The usurper, now with the reign names of Anawrahta and Thiri Thihathura however could not eliminate Saw Yun's children. The dowager Queen Saw Hnaung with the help of Chief Minister Nanda Pakyan hid the children (and Thado Hsinhtein, the husband of the eldest child Soe Min Kodawgyi) in faraway Mindon inside Pinya territory. She had to continue bribing the powerful minister, who may have also been her lover.

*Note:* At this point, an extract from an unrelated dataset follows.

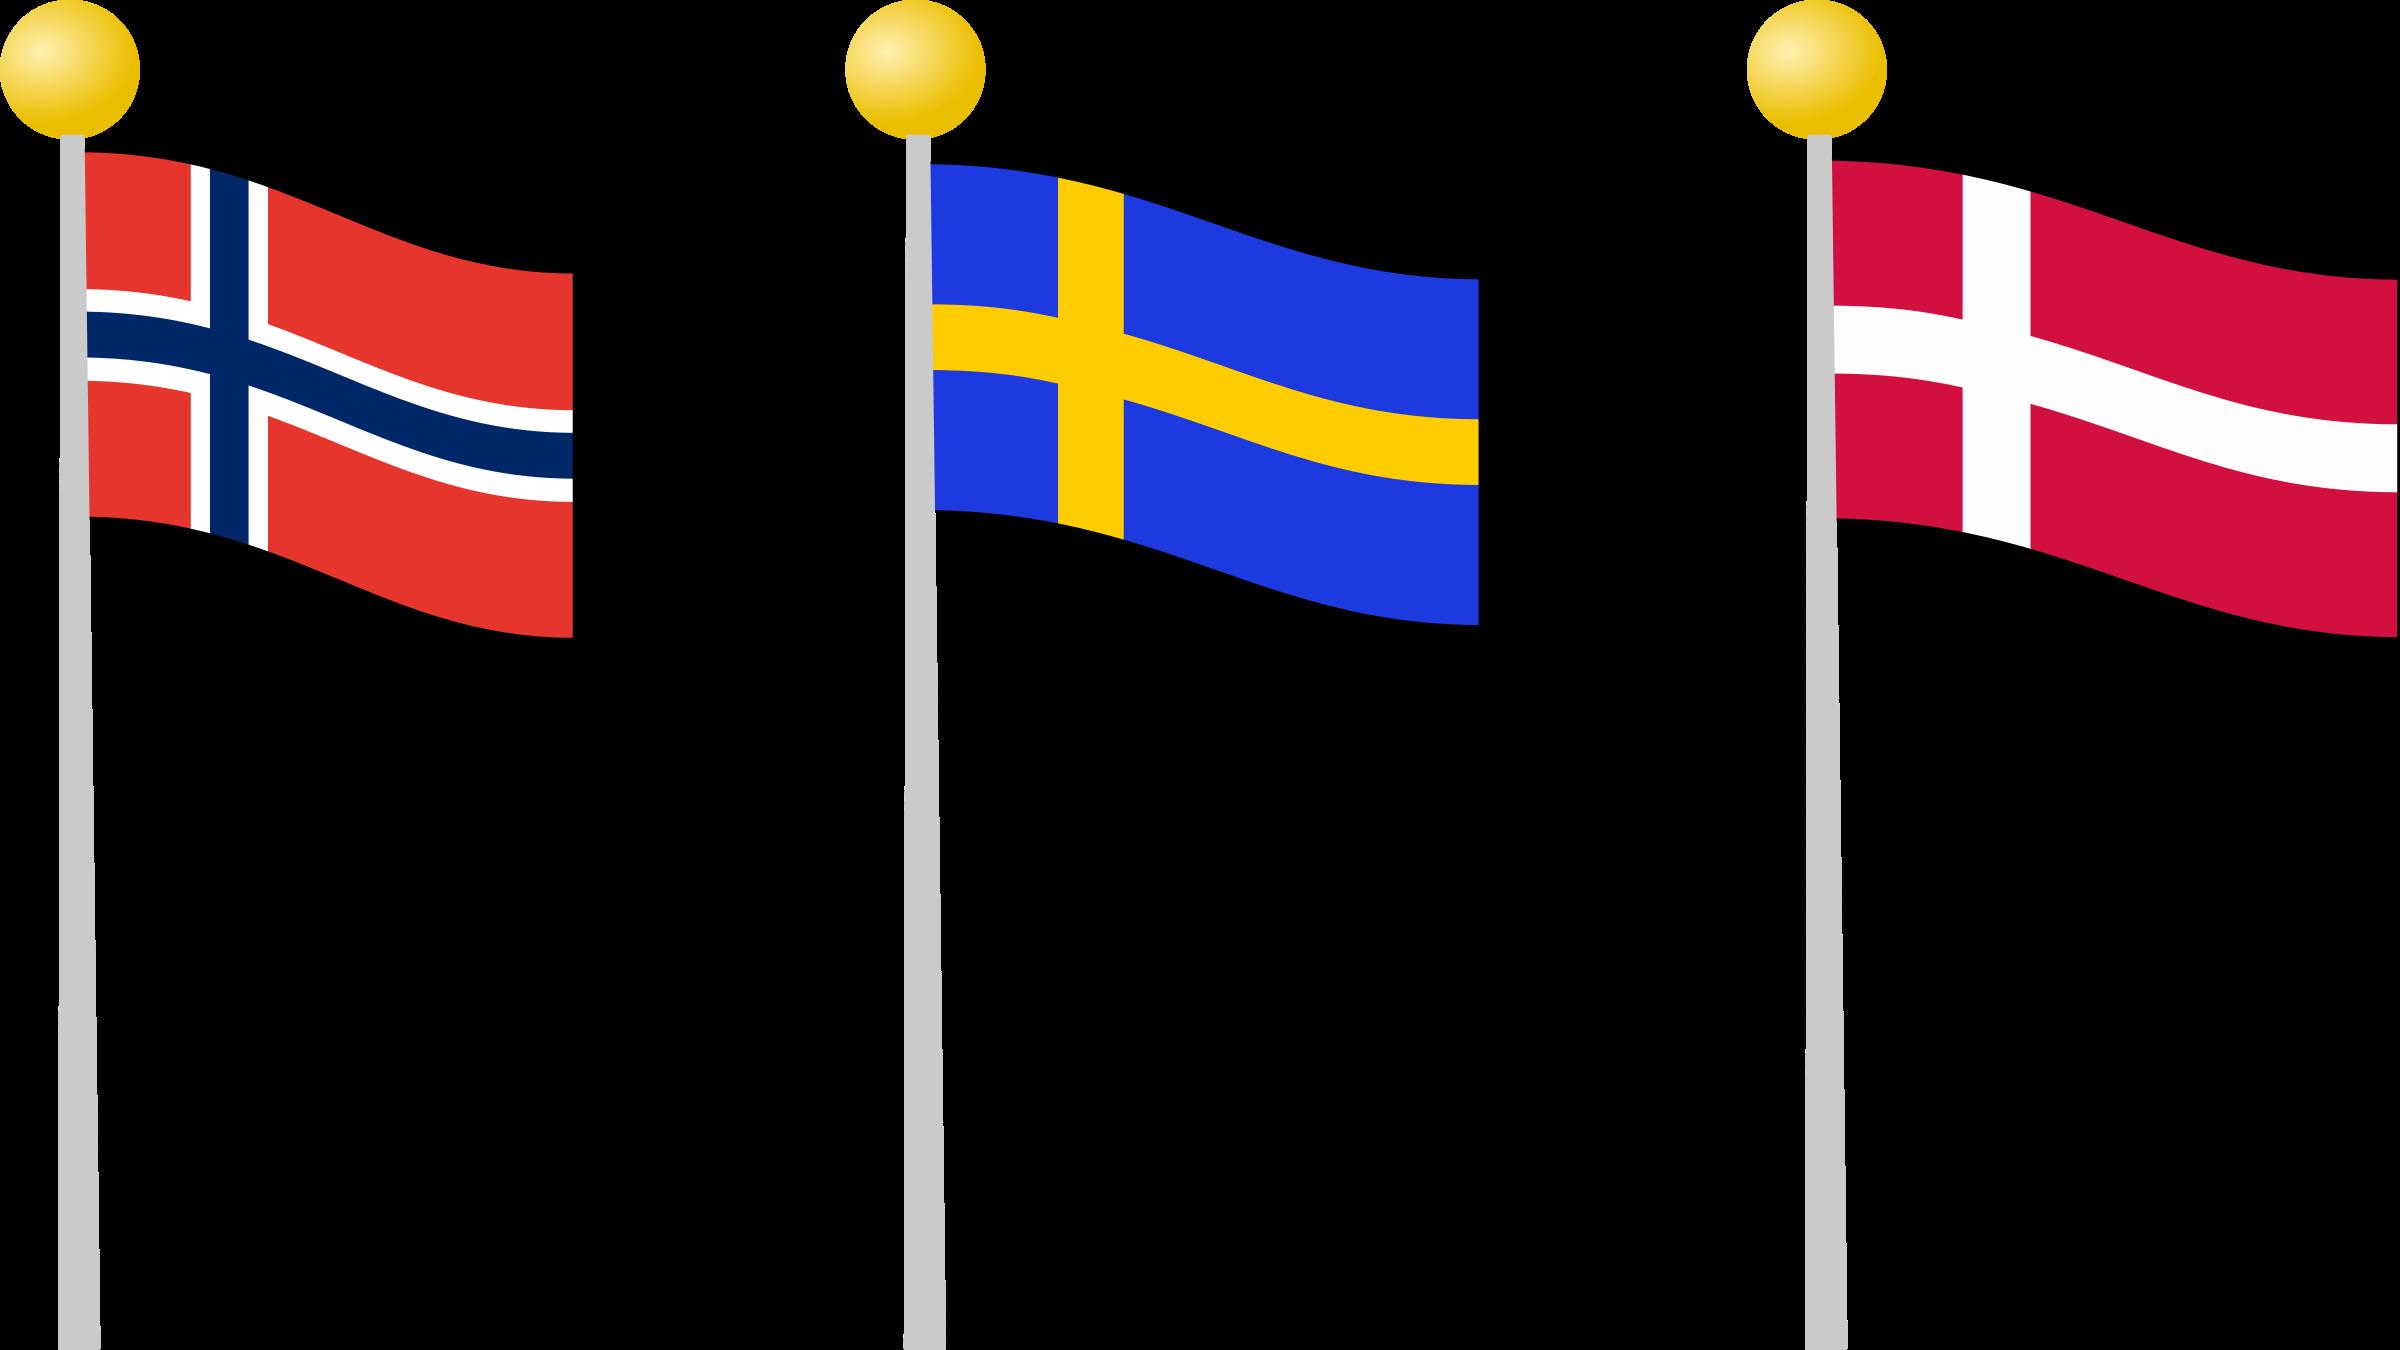 Scandinavia clipart #12, Download drawings

In 1339, Shwedaungtet located the whereabouts of his cousins, led an expedition into Pinya territory, brought them back to Sagaing. But he was assassinated c. August 1339, soon after he got back to the Sagaing Palace, by the loyalists of his father the deposed king. Chief Minister Nanda Pakyan's forces ultimately defeated Tarabya's loyalists in the ensuing battle. The powerful minister ordered the execution of Tarabya, and placed Kyaswa on the throne.

==Chronicle reporting differences==
The royal chronicles do not agree on his birth, death and reign dates.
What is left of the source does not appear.